Guiados por un interés político, algunos sectores han tratado de reducir la paz al debate sobre los beneficios judiciales que se incluyeron en los acuerdos de La Habana. Omiten que el modelo de justicia transicional allí propuesto es una apuesta de país. Un complejo articulado de mecanismos multidimensionales que buscan sanar las profundas fracturas sociales que se cultivaron durante décadas de conflicto.
Es natural que la sociedad rechace la idea de que los responsables de conductas atroces puedan evadir la cárcel. Pero lo cierto es que el proceso de paz no se limita a la flexibilización de las sanciones. Va mucho más allá. Los acuerdos traducen en acciones puntuales el contenido básico de la Constitución del 91. El modelo de justicia transicional, entonces, no es más sino la materialización de la promesa del Estado social de derecho, después de lustros de su promulgación.

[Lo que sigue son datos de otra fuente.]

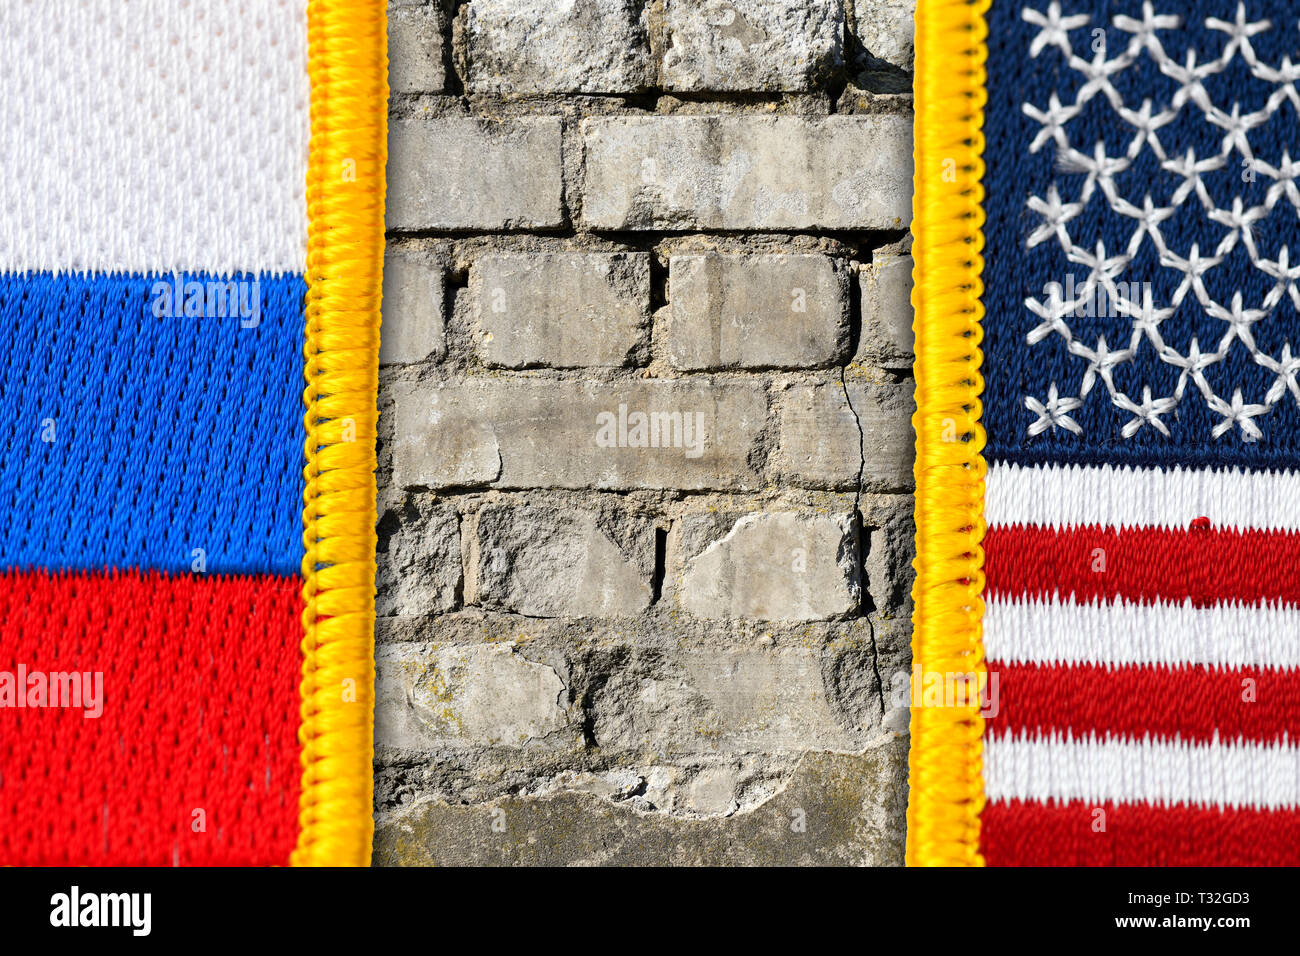 Más mal entre las banderas de los EE.UU. y Rusia, EE.UU. Finalizar contrato INF, Mauer zwischen Fahnen von USA und Russland, USA beenden INF-Vertrag Foto de stock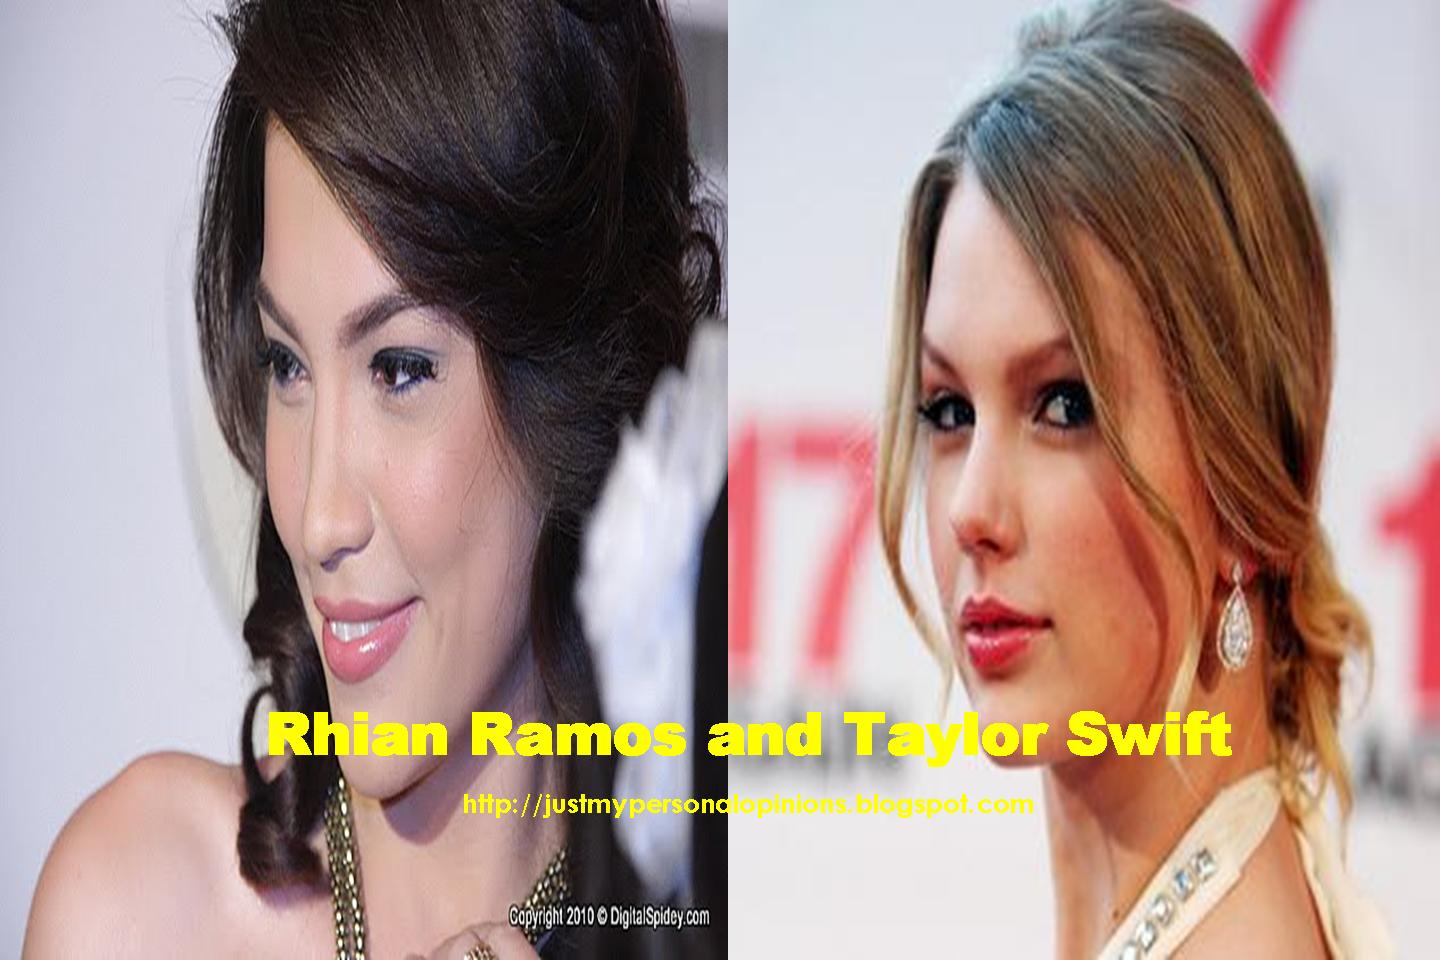 http://2.bp.blogspot.com/_taZJUdNwXOY/TLr5lrTNDVI/AAAAAAAAAjk/V1Odlml6mrw/s1600/Rhian+Ramos+-+Taylor+Swift+2.jpg

No sobra recordar que el texto del acuerdo está dividido en seis ejes fundamentales. Una reforma rural integral que no busca nada diferente a reducir las brechas sociales y económicas en el campo. Se reconoce que una de las causas de la violencia ha sido justamente la exclusión de la propiedad de la tierra para los campesinos, la falta de a los derechos más básicos y la necesidad de invertir en proyectos productivos y de desarrollo que garanticen condiciones de vida digna sobre una base amplia y participativa.

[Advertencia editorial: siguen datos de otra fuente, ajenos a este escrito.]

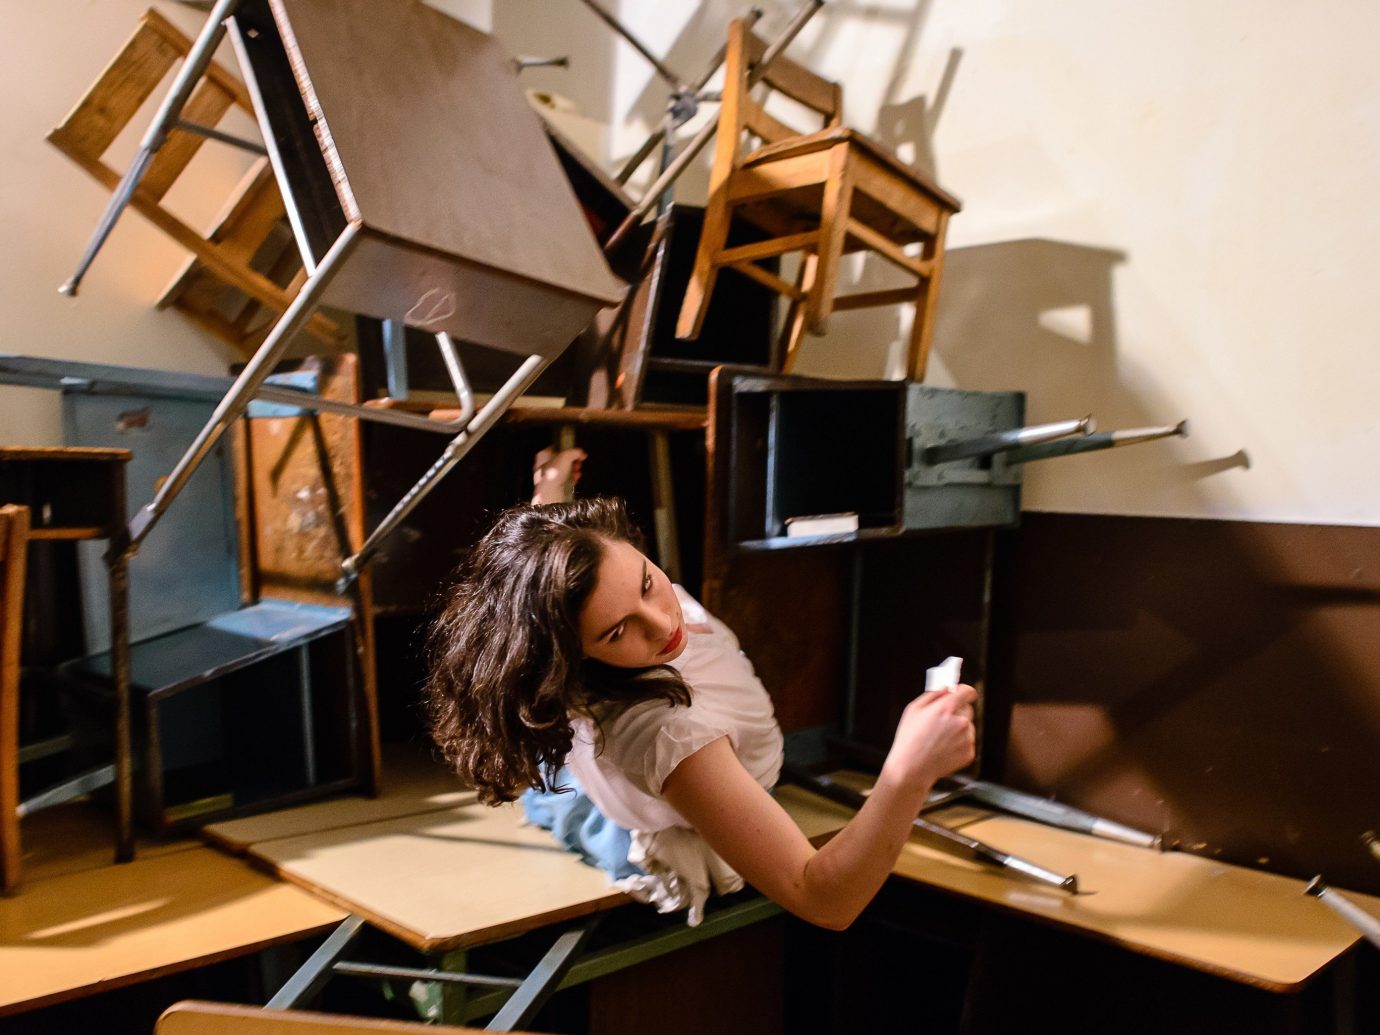 Offbeat person indoor laptop musician pianist worktable

Los acuerdos también invitan a promover una mayor participación política. Se advierte la histórica exclusión de ciertos sectores políticos y la estigmatización, en algunos casos violenta, de la oposición. En un país donde fueron asesinados tres mil militantes de la Unión Patriótica, o donde por 16 años consecutivos se pactó la alternancia cerrada en el poder de los dos partidos tradicionales, no resulta estrafalario reiterar la importancia de una representación política amplia y con garantías de seguridad.

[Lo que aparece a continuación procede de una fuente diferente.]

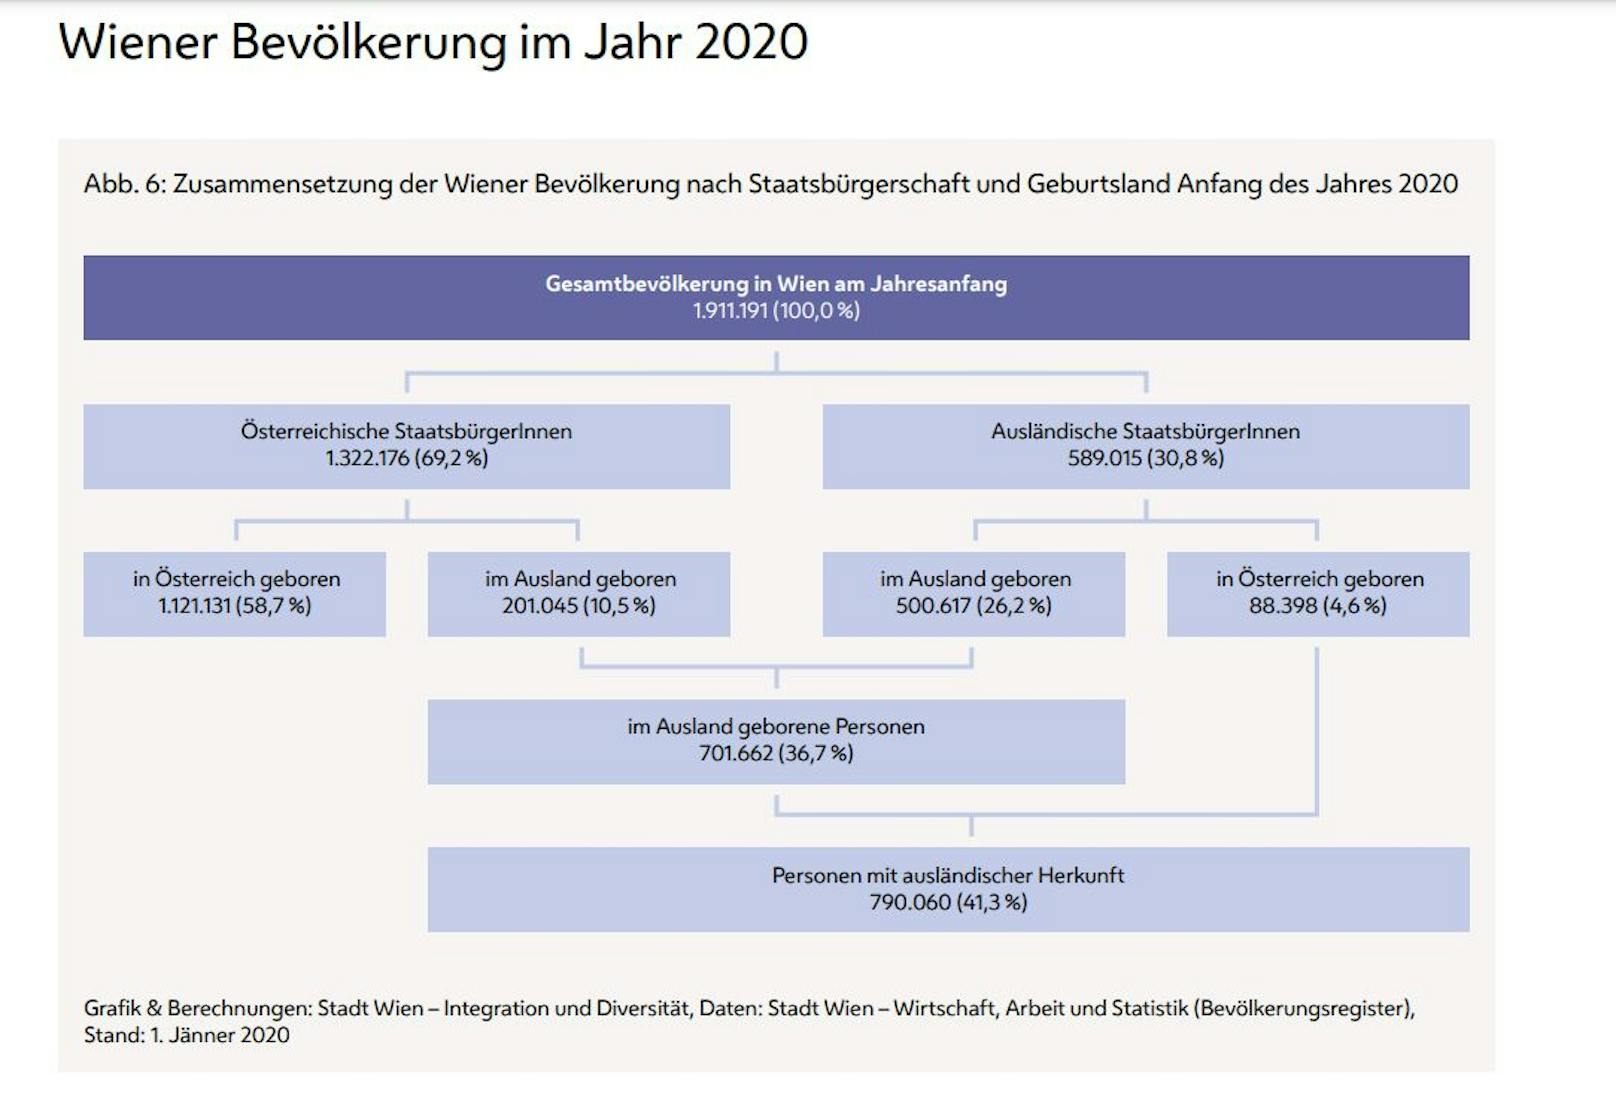 Zusammensetzung der Wiener Bevölkerung Anfang 2020

Insistiendo en las causas estructurales del conflicto y entendiendo que el problema de las drogas ilícitas ha tenido un impacto profundo en la violencia, los acuerdos previeron soluciones sociales al tema del narcotráfico. Se asumió que para combatir este flagelo es necesario revisar la respuesta que tradicionalmente le ha dado el Estado. Se privilegia, apelando a la lógica y a la experiencia, la sustitución de cultivos sobre la erradicación forzosa o la fumigación. Esto por una sencilla razón: a los campesinos hay que darles oportunidades mientras se ataca con contundencia a los eslabones fuertes de la cadena criminal.
Adicionalmente, se prevé una ruta para garantizar la desmovilización, el cese de las actividades bélicas y la reincorporación de los excombatientes. Debe primar la seguridad de los firmantes y la garantía de que no florezcan nuevas amenazas en el territorio que pongan en riesgo la vida de la ciudadanía. Nada más sensato que hacerlo con el acompañamiento de los organismos internacionales que han supervisado este tipo de procesos en otras latitudes y así evitar que estructuras enteras recaigan en la guerra. Este punto se suma a otro eje central que prevé la creación de ciertas instancias de verificación y seguimiento al cumplimiento de los acuerdos.
Finalmente, se crea el sistema de verdad, justicia, reparación y garantías de no repetición. Un modelo integral y condicionado a los aportes que hagan los actores del conflicto para satisfacer los derechos de las víctimas. Se adopta el compromiso de investigar y sancionar a los máximos responsables de graves violaciones e infracciones de los derechos humanos y del derecho internacional humanitario, buscar a los desaparecidos, reconstruir la memoria histórica, reparar a las víctimas y sentar las bases para la no repetición de la violencia.
Hacer trizas la paz bajo la falacia reduccionista de que esta encierra un soterrado propósito de promover la impunidad de unos cuantos terroristas significa echar por la borda la hoja de ruta social más ambiciosa de las últimas décadas. Los acuerdos son en sí mismos un plan de desarrollo y de bienestar social a largo plazo.
Atacar, por ejemplo, el plan de sustitución de cultivos ilícitos, o los proyectos de protección ambiental, o las garantías de la oposición y la participación política, o la jurisdicción agraria, entre otros mecanismos, equivale a lanzar soterrados zarpazos a la paz en su conjunto. En un engranaje tan complejo, ponerle el palo en la rueda a uno de sus componentes equivale a dinamitar la totalidad del proceso.
Puede resultar sorprendente que luego de cinco años de su firma se tenga que recordar que la paz es mucho más de lo que caricaturizan quienes se oponen a ella. Hoy, más que nunca, es preciso también recordar que algunos grupos han pretendido oponerse a los acuerdos sobre la base de eufemismos, mitos y falacias. Basta con ver recientemente, pero no solo esto, el indigno rechazo de algunos detractores a las curules de paz y al derecho de 9 millones de víctimas de tener su propia representación. Afortunadamente, cada vez es más claro que el acuerdo de paz potenció la Constitución del 91 y que esta, sin que se materialice la paz estable y duradera, no deja de ser sino un pedazo de papel. Por eso, no hay mayor insensatez que atacar las piezas y el engranaje de la paz.
Ñapa: Bochornoso que la Dimayor no suspendiera el partido ante actos de violencia.